Barbie core reste relativement docile dans la sphère théorique. L’affirmation « Barbie is a girl boss now » par Grain Carter, marque un manque d’intersectionnalité, et est plutôt vaine au regard des rapports de classes sociales aujourd’hui. L’idée qu’il faut adopter des traits masculins pour réussir dans le monde des affaires montre que  l’expression passe au-dessus de la réalité des femmes de la classe ouvrière. Il sert de cheval de Troie à une fausse autonomisation des femmes qui doivent travailler à plein temps, rentrer à la maison et passer les heures qui restent à s’occuper de leur foyer, un deuxième travail. En vertical, c’est aussi une représentation de l’hégémonie culturelle qui s’impose sur le féminisme. Les femmes abandonnent leur puissance de classe, et vont commencer à réfléchir à leur ascension de classe personnelle, en termes de Robert Cox. Cela contribut à l’idée que les efforts d’une femme vis-à-vis de son environnement de travail doivent être exponentiellement plus importants que celui d’un homme qui occupe le même poste, en raison d’un besoin de prouver une aptitude ou de donner une légitimité à son poste.« Tu puedes ser lo que quieras ser»,  slogan populaire de Barbie (« Tu peux être ce que tu veux»),  ne sert pas à grand chose quand les inégalités de rapports économiques persistent non seulement en genre mais en classes. Dans cet ordre d’idée, le Barbie Core répond à une nécessité d’un Ligth Feminism pour pouvoir atteindre le quota contemporain de lutte sociale numérique mais surtout monétisable. 

S’il y a une chose à retenir de cette analyse, c’est que quelle que soit la position d’une femme sur la féminité, elle sera toujours critiquée et jugée pour son choix. Son intelligence sera examinée en fonction de ses intérêts, on lui accordera plus ou moins de crédibilité pour la façon dont elle se perçoit, et on la traitera avec plus ou moins de respect pour ce qu’elle porte.
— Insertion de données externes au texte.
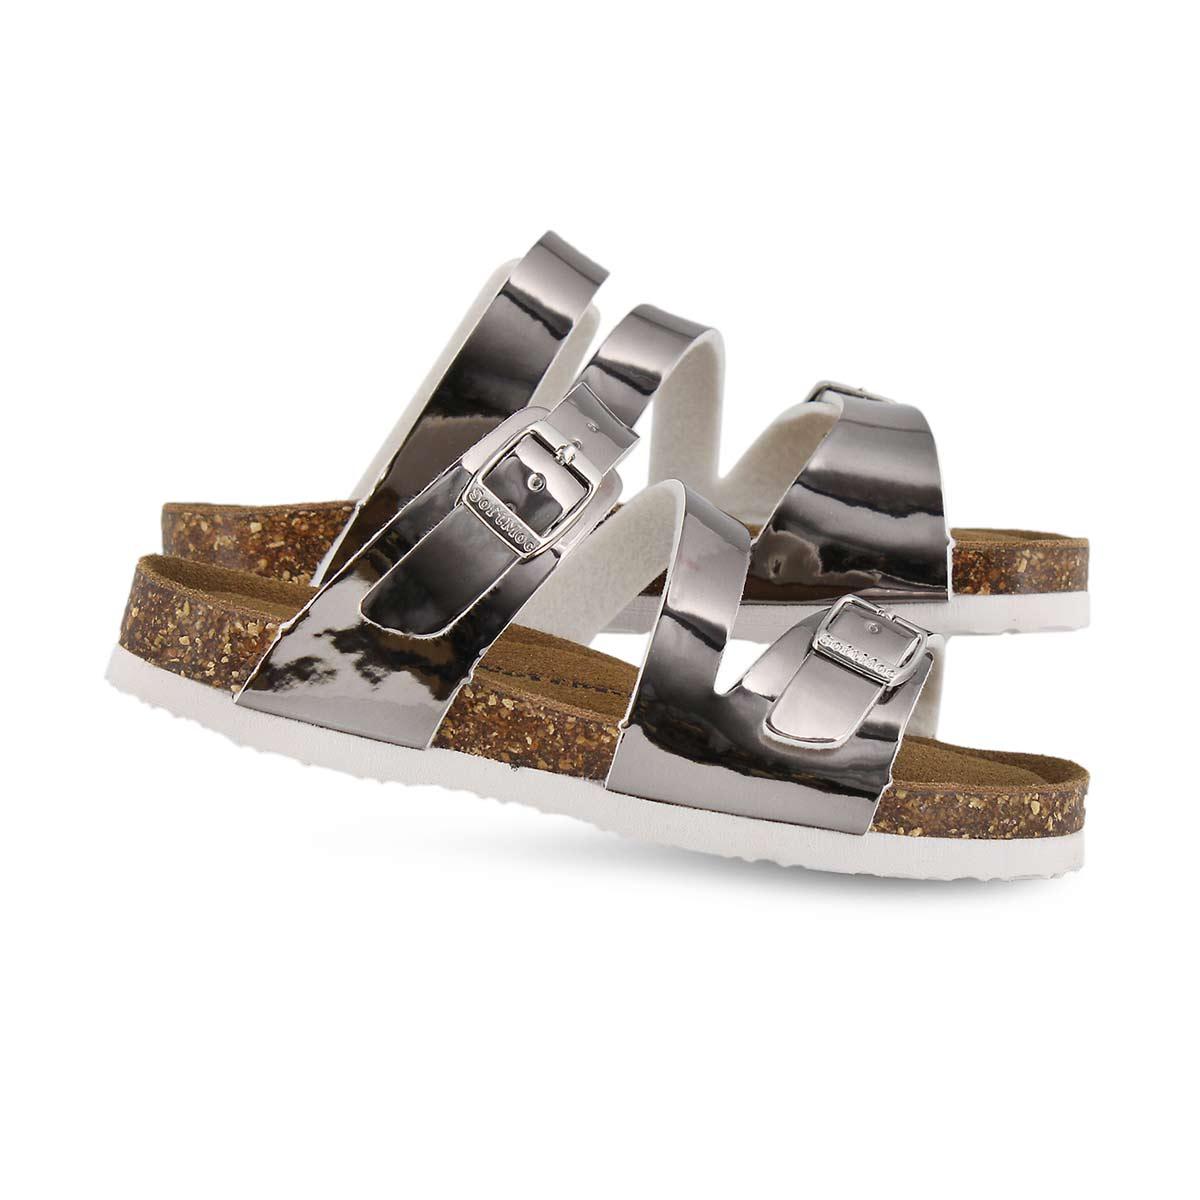 Grls Avalon 6 slv pat memory foam sandal

L’apparition de tendances qui veulent donner du pouvoir aux femmes témoigne d’une frustration et d’un désir de changement. Cependant, jusqu’à présent, beaucoup de ces interprétations restent à un niveau superficiel et ne prennent pas en compte une vision transversale du problème. L’idéal serait d’atteindre une réalité dans laquelle la féminité, et par conséquent l’hyper féminité, n’est pas associée au niveau intellectuel ou au prestige qu’une personne mérite.